Leftists Lose It After Sheriff Determines 'Ghost Gun' Used in Shooting
Leftists are crawling out of the woodwork after authorities determined the firearm used in a recent school shooting was a “ghost gun,” breathing life into the fear-inspiring buzzword once more.
Los Angeles County Sheriff Alex Villanueva announced the new detail in the case of the Nov. 14 shooting at Los Angeles’ Saugus High School in an interview with KABC-TV.
Two students were killed by the shooter, himself a student. Three others were injured.
“When we did a search of the house, we encountered what’s called a ‘kit gun,'” Villanueva said. “The weapon used in the homicide was also a kit gun. It was assembled from parts, it had no serial number, so it becomes what’s known as a ‘ghost gun.'”
The sheriff emphasized how seemingly easy these weapons were to acquire, noting the kits can be found both online and at gun shows.
“You can legally buy it, assemble the weapon yourself,” Villanueva continued. “And then you have a gun that is not registered and no one knows that you have it, and that is very dangerous.”
Watch Villanueva’s comments below.
The weapon was originally described as a .45-caliber pistol, but now anti-gun advocates are sounding the alarm even louder after investigators discovered the firearm was a so-called “ghost gun.”
Although the term simply means a firearm with no serial number, the scary connotation is that criminals can use them to wreak devastation with no regulation to keep them in check.
“In the last decade, I wrote several bills to rid our communities of dangerous ghost guns, but federal law kept holding us back.
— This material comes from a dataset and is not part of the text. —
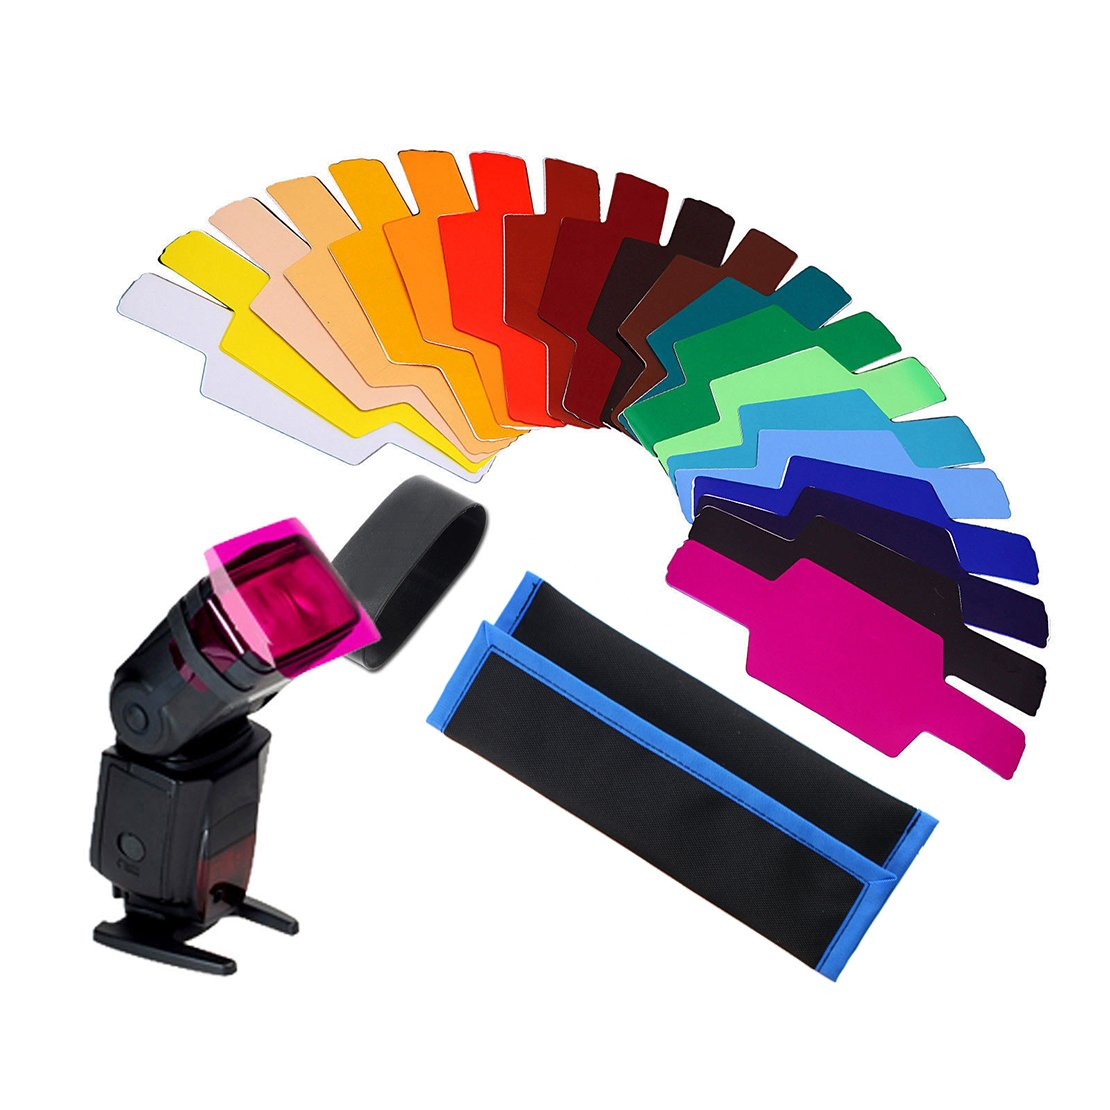 AGPtek 20 Color Photographic Gels Filter for Canon/Nikon/Oloong/Yongnuo FLash/Speedlite

Congress must finally confront this growing threat and address it squarely, or free up states like California to handle this crisis on our own,” former California State Sen. Kevin de Leόn tweeted on Thursday.
In the last decade, I wrote several bills to rid our communities of dangerous ghost guns, but federal law kept holding us back. Congress must finally confront this growing threat and address it squarely, or free up states like California to handle this crisis on our own. https://t.co/lqqoF02V9O
— Kevin de Leόn (@kdeleon) November 21, 2019
Yes, that’s the same Kevin de Leόn who publicly humiliated himself by saying that a ghost gun has “the ability with a .30-caliber clip to disperse with 30 bullets within half a second.”
(For those of you with no firearms knowledge, this makes about as much sense as the economics behind the Green New Deal.)
Other anti-gun activists said building your own firearms should be entirely illegal.
This should not be legal
@ericgarcetti @GavinNewsom https://t.co/FoIIG8Ujuh
— Jen McGowan (@IAmJenMcG) November 21, 2019
If laws were passed making it difficult or impossible for gun owners to order their own parts for fear they’d manufacture a “ghost gun,” it would only make life tougher for legal firearm owners.
Small fixes like broken firing pins could become exponentially more expensive if access to parts were limited.
Of course, 3D printing ensures that even criminals barred from every gun store in the nation can still have access to a deadly firearm. The only thing that can keep law-abiding citizens safe from them is guns of their own.